I’ve always been under the impression that eBay sets a high bar for best practices in engaging seller community influencers and “grass tops”. This guy is clearly a top eBay seller and appears to have been identified by eBay as a community leader (even if his merch is fringe). Now he’s unhappy with some of eBay’s business changes, so he’s auctioning - on eBay no less! - the chance to sponsor him as he goes public with his discontent. Topping that, he’s giving half the proceeds to charity. . . wait for it: the eBay Foundation.

So he’s clearly a true believer, not just a hater. He’s got comments of support from other eBay sellers who clearly agree with him, and has apparently even made the Pulse (eBays’s most-watched auctions) with his listing (which is going for over $1300 as of this writing). I love the image of him mourning over his broken eBay mug (more photos here).

Kudos to eBay for not cutting him off at the knees by taking this listing down, and for allowing this to highlight the fact that, in order to really empower users, you have to empower them to do things that sour your palate.

At the risk of stretching the comparison (because I don’t think community businesses are truly democratic), it’s a bit like a government that empowers a free press, in that you attract more involvement in your system when your system can take self-criticism - and similarly that you risk breaking it if you try to control it.  On that note, I look forward to seeing how the MySpace community reacts to recent changes that do exactly that.

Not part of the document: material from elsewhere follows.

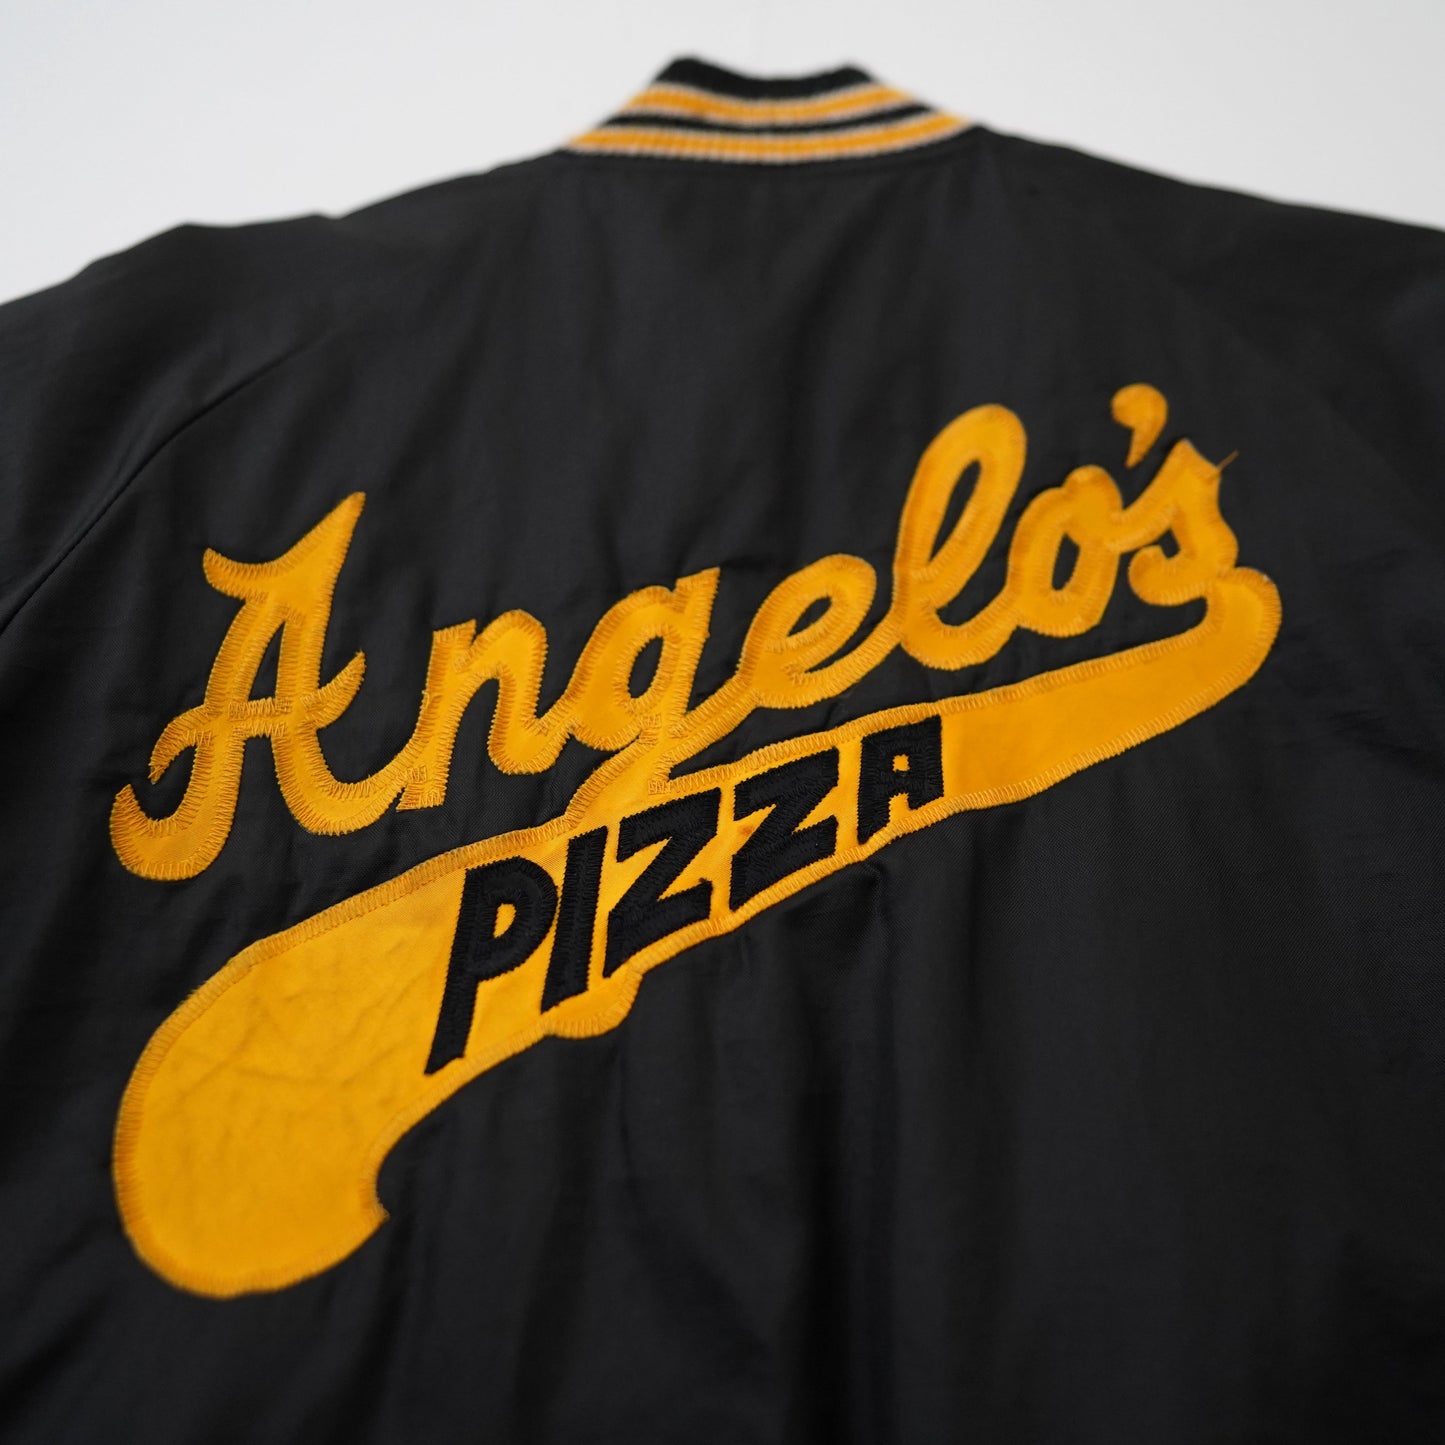 angelo's pizza nylon jacket

PlateWire: Citizen Driver Reputation

Tuesday, August 1st, 2006

I dreamed up this very idea years ago and am glad someone has finally determined the world is ready to participate: a site where you can report bad drivers via their license plate numbers. They even have a toll-free number (866-689-2155) you can use to report directly to the web.

Presumably the future holds enhancements and spinoffs allowing you to attach photos & video shot from your cellphone, audio narration, non-automotive misdemeanors, reputational elements, and who knows what other means of improving the quality and credibility of the data in these systems. Video speaks well enough for itself, like the photo below, which LAVoice (the source of this story) has made locally famous, but imagine if your reports were weighted by the quality of your driver record and credit scores as verified by open-API systems?

As I was just saying to a friend the other day, who knew that surveillance culture would come not from Big Brother, but from our friends and neighbors?